On our last day we sat outside for breakfast in the charming medieval town of Dinan. The early morning sun sparkled on the river Rance as it made its serene way to St Malo, where our return ferry also waited. We gazed cheerfully on a vertical looking climb out of the town. We weren't bothered that soon we would be puffing painfully up its slopes and struggling to get back in time for that ferry. Our table rattled on the cobbled pavement as we hungrily buttered our croissants and laughed at anything and everything. Next day we would be back in work but it might as well have been next year. We were briefly back in the childlike state of relishing the present and carefree about the future. If I could bottle that feeling of peace and contentment SSRIs and CBT would be footnotes in the history of psychiatry.

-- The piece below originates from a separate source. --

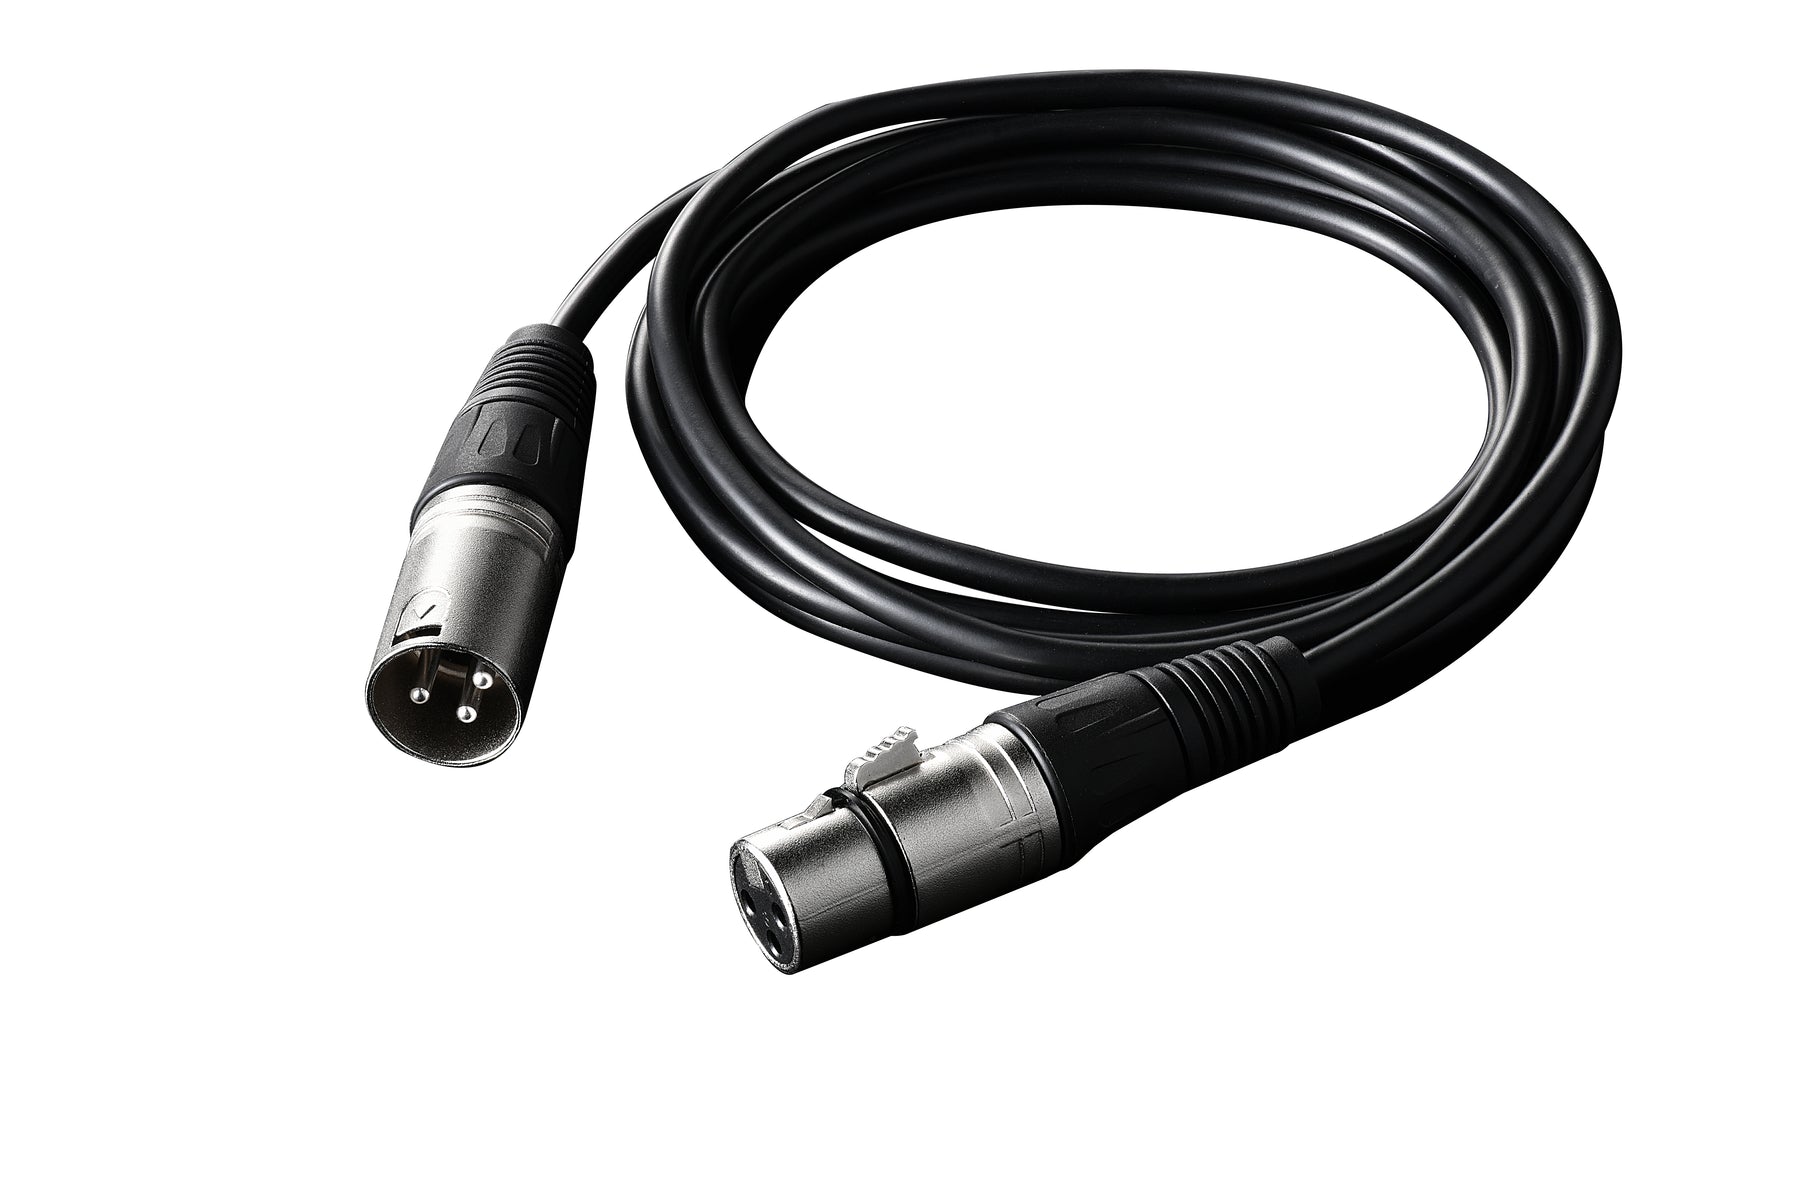 IBRA XLR Mic Cable Premium Quality Pro Microphone Lead | Balanced Male XLR to Female XLR | 2 Metre | Clearer Sound for PA Systems, Studio Recording, Mixers, Amplification & Speakers - BLACK

Others aren't so lucky. Earlier this year the villagers in Luckington noticed a regular procession of cars plunging into a deep ford that ran through their village. This lemming like behaviour was caused by a road closure, which the drivers' satellite navigation equipment hadn't taken into account. They had such unquestioning faith in the technology that they ignored their own senses and slavishly followed the GPS instructions all the way into the water. When did they realise that something was wrong? When the water splashed on the windscreen? When it started lapping around their ankles? I imagine some of them still kept their faith in the technology even as the tractors pulled them out of the water. Sometimes the most sophisticated gadgets are no better than a scrap of paper.

I worry when, in the name of promoting health, we make healthy people into patients. When prevention means more and more pills and procedures for people who feel well, I think about wrong turnings — even though evidence-based medicine is confidently steering us in that direction. And when I see the spectre of all men over a certain age being on a statin I start to see the splashes of water on my windscreen and feel my socks getting wet.

Like GPS technology, clinical trials, meta-analyses and statistics are fallible. Why is there such a chasm between how we assess quality in our professional and non-professional life? In work we only trust measurements on a mythical uniform, average population. Outside work we value individuality, spontaneity, curiosity, and trust our instincts. If we don't value these in our professional life as well we will become slaves to technology like those hapless drivers.

The delight of those few days in France has spurred me on to exercise regularly again and the British Heart Foundation website tells me that cycling will cut down my risk of heart disease by 50%. I don't know how that compares with statins but my instincts tell me to stick to pushing pedals rather than pills for my primary prevention.